### RECORDED INFORMATION
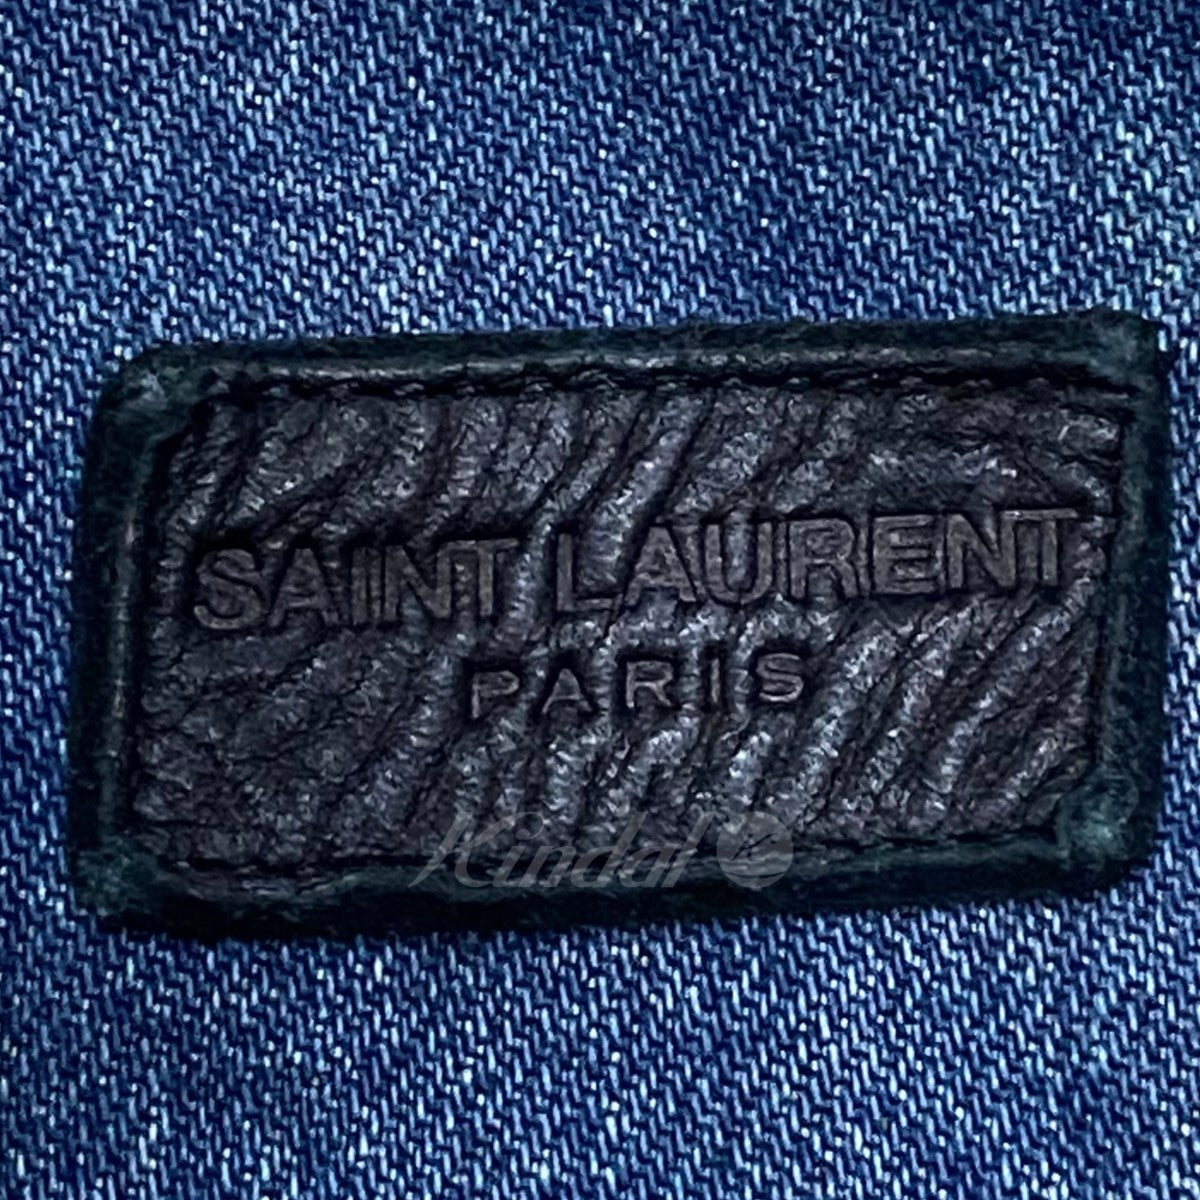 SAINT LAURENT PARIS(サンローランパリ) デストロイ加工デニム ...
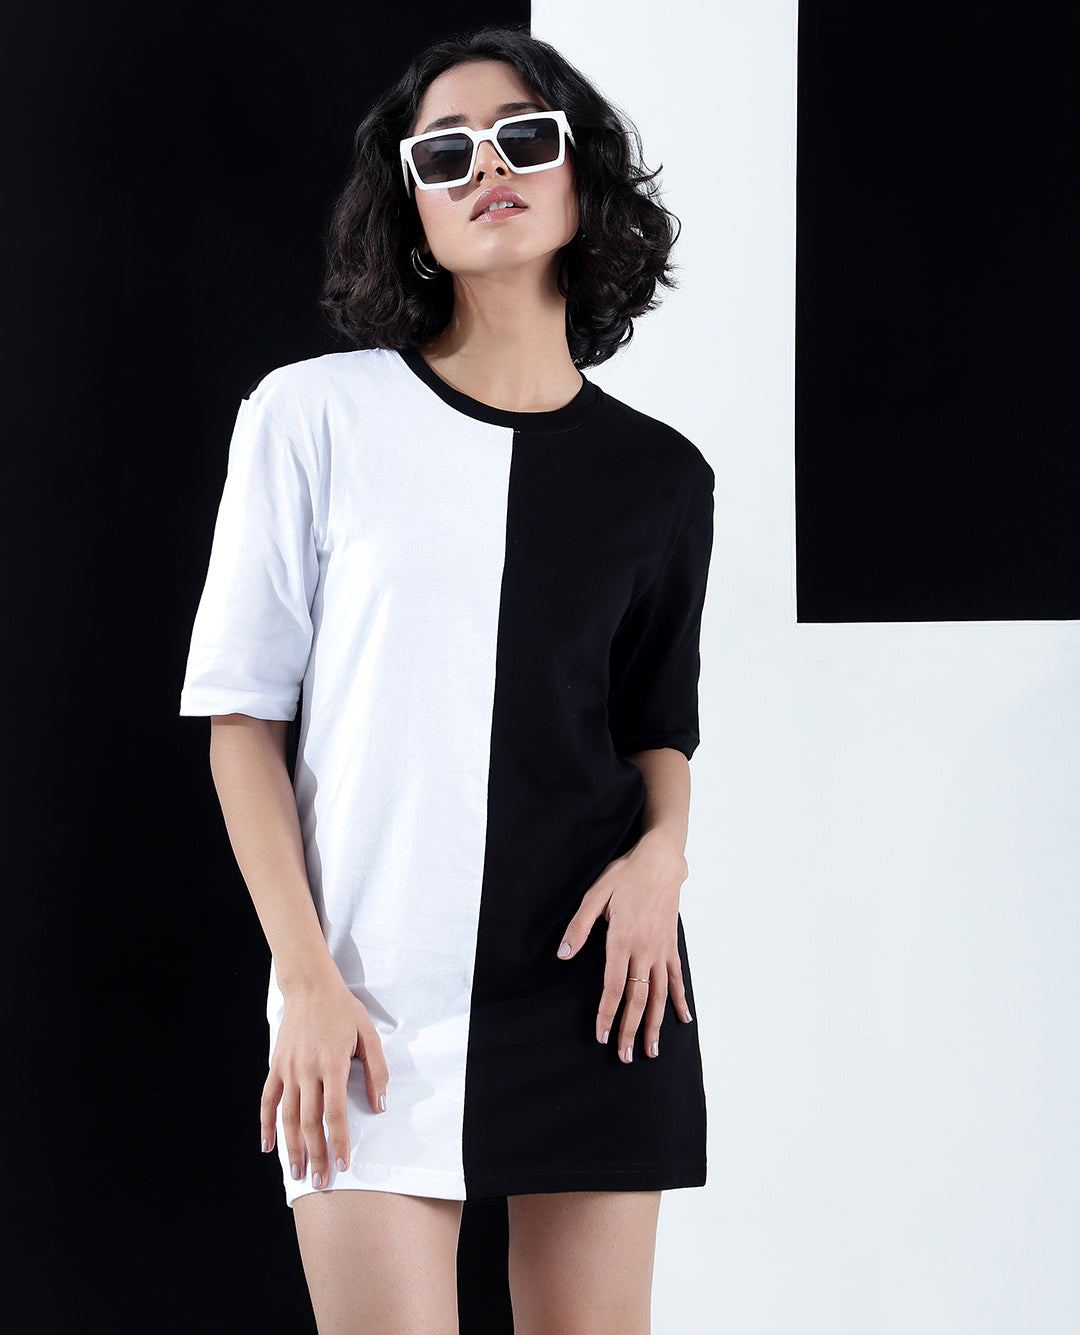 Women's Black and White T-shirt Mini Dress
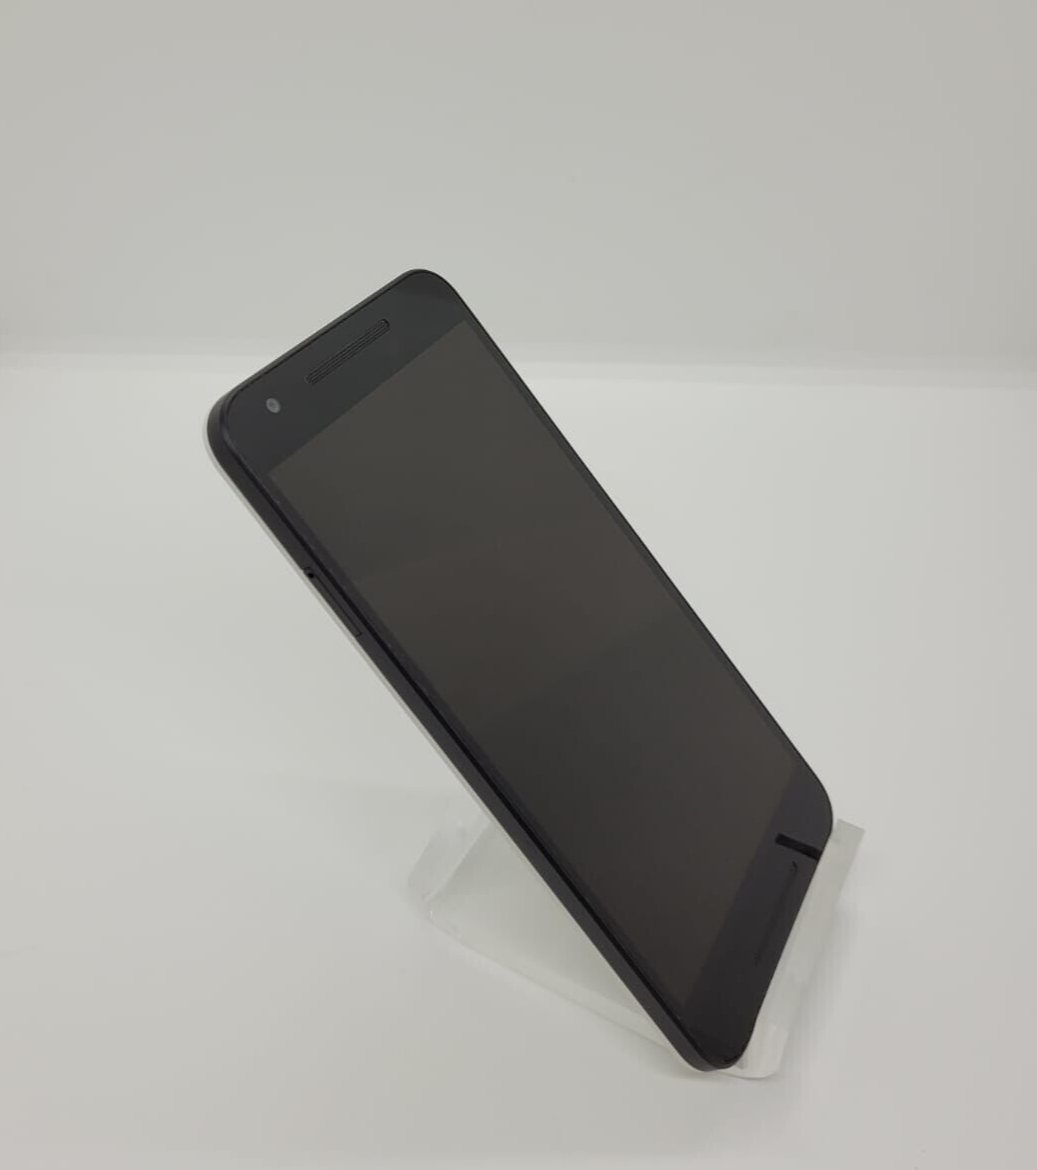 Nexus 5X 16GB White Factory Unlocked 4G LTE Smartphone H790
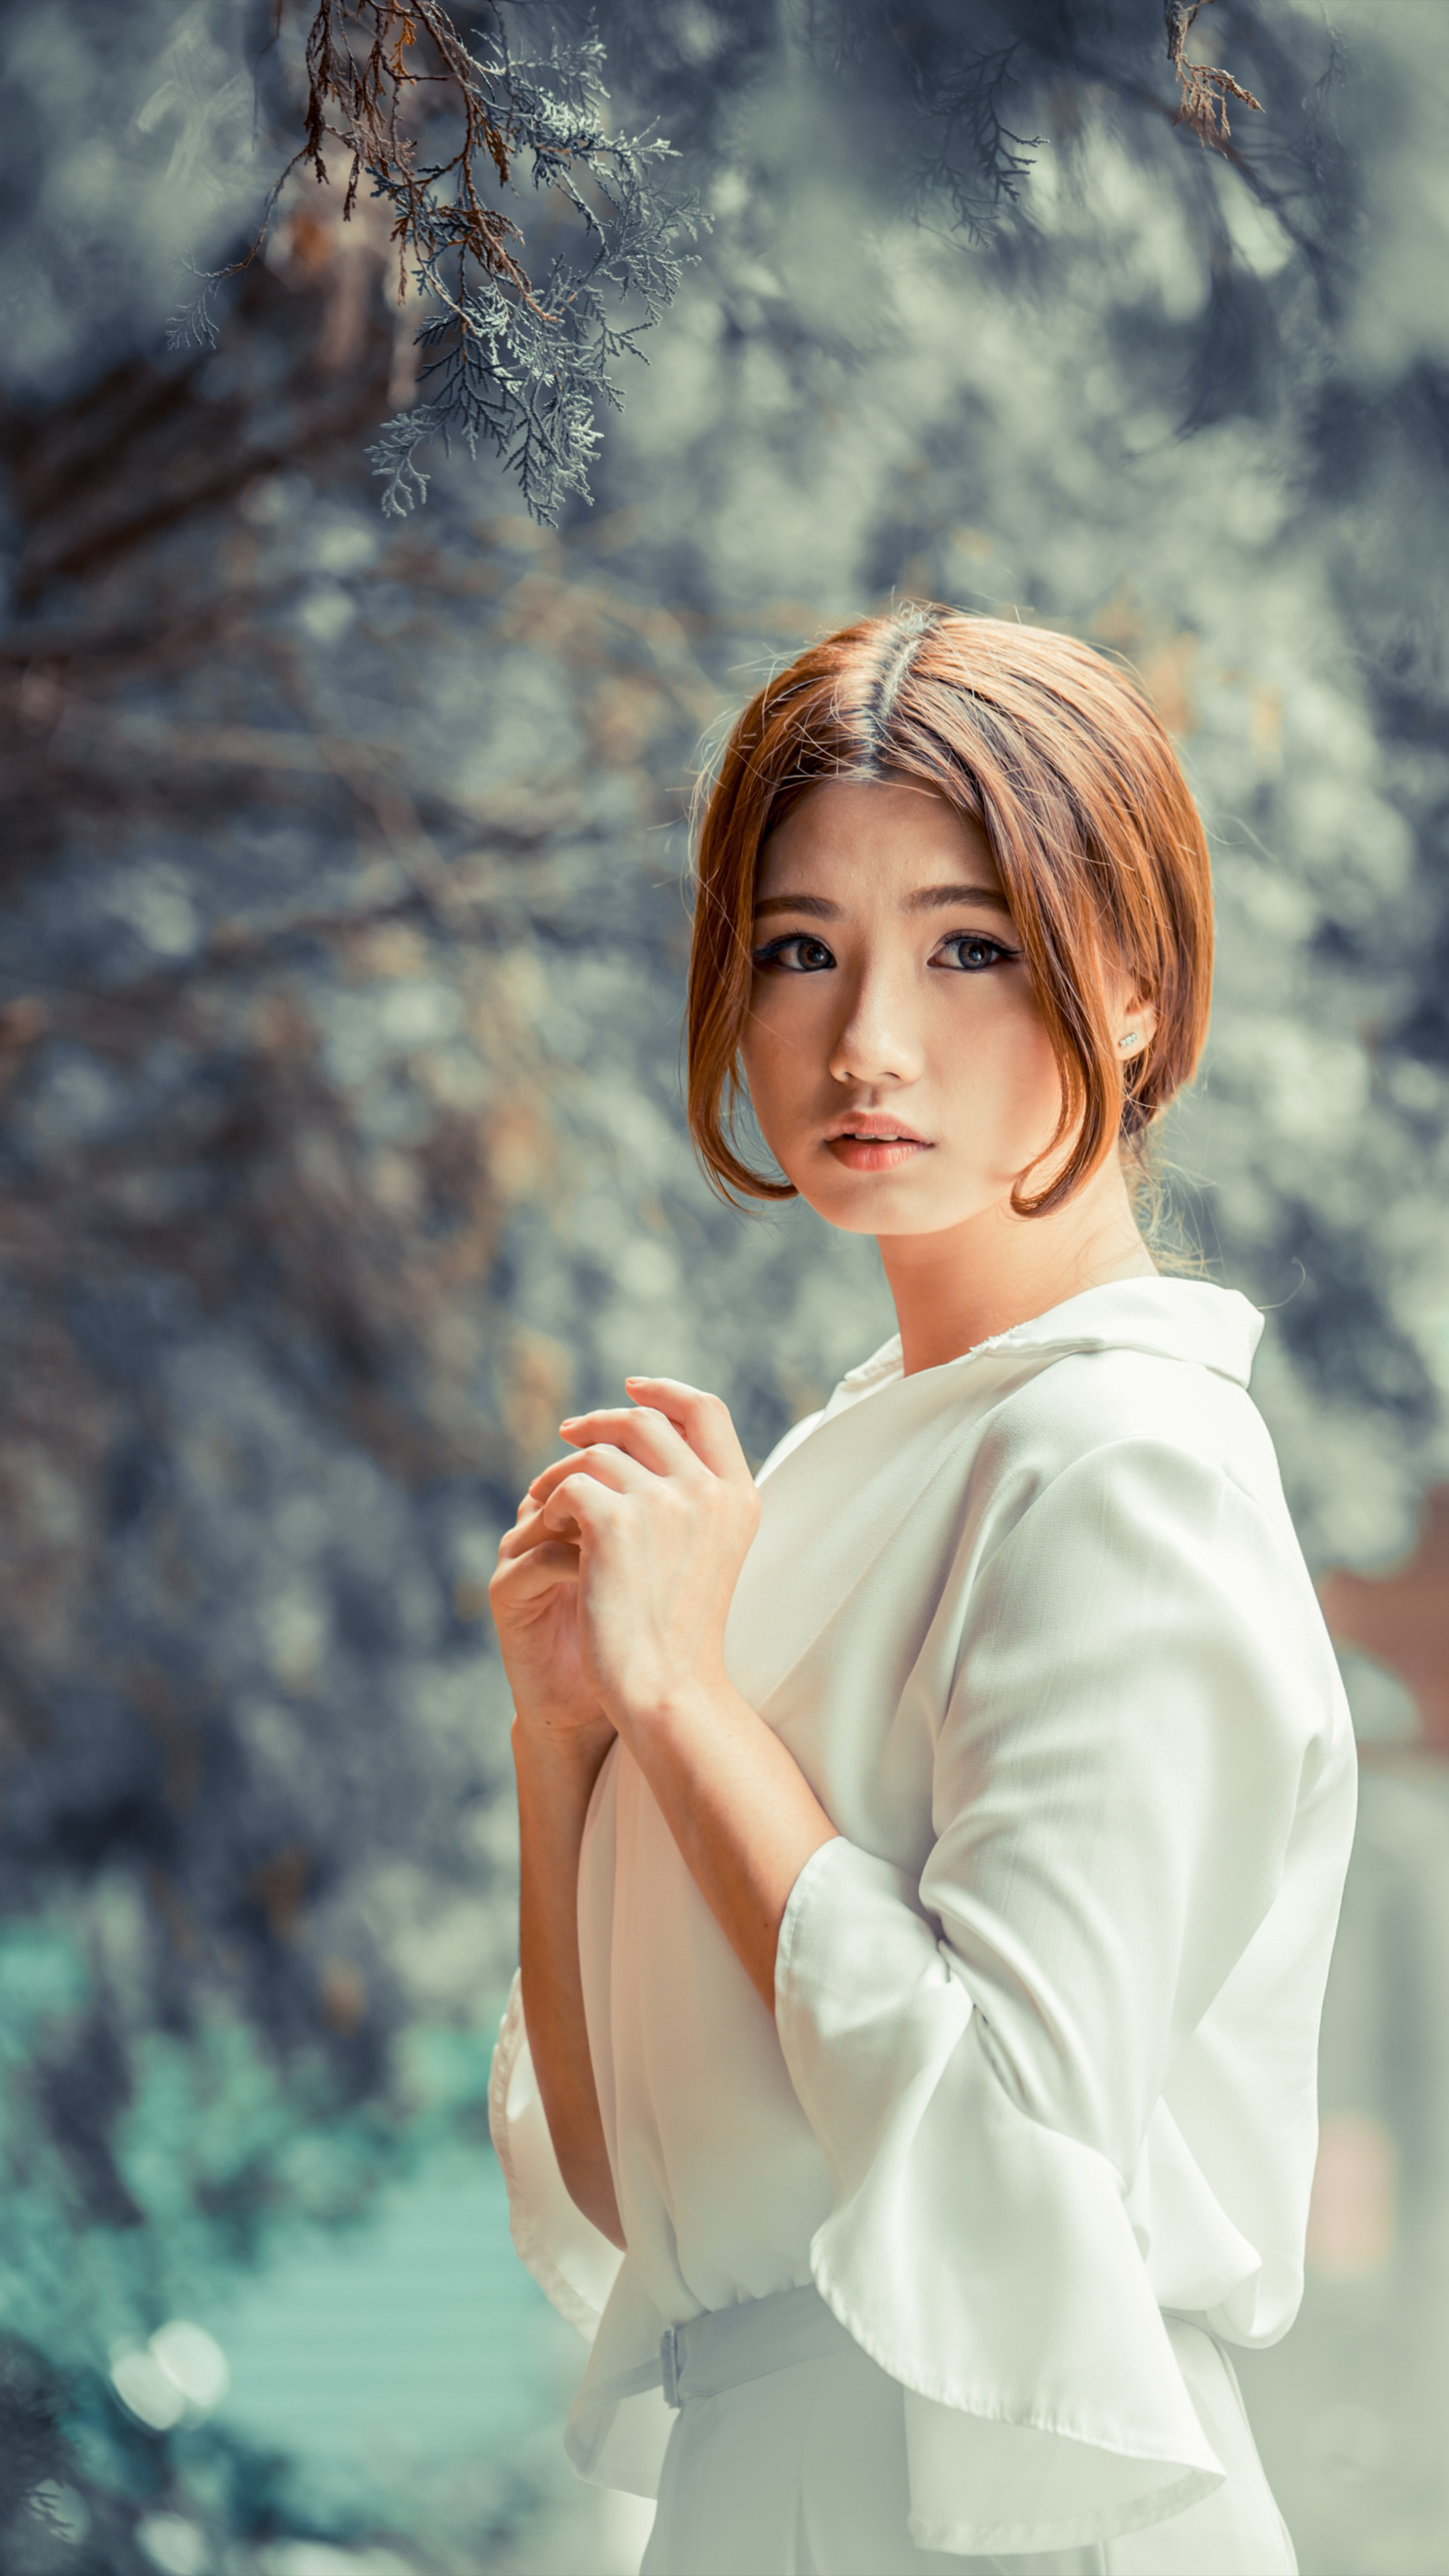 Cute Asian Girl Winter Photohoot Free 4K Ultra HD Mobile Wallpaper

### PROBLEM
Except for the pictures, give the data again word for word.

### ANSWER SPACE
 SAINT LAURENT PARIS(サンローランパリ) デストロイ加工デニム ...
 Women's Black and White T-shirt Mini Dress
 Nexus 5X 16GB White Factory Unlocked 4G LTE Smartphone H790
 Cute Asian Girl Winter Photohoot Free 4K Ultra HD Mobile Wallpaper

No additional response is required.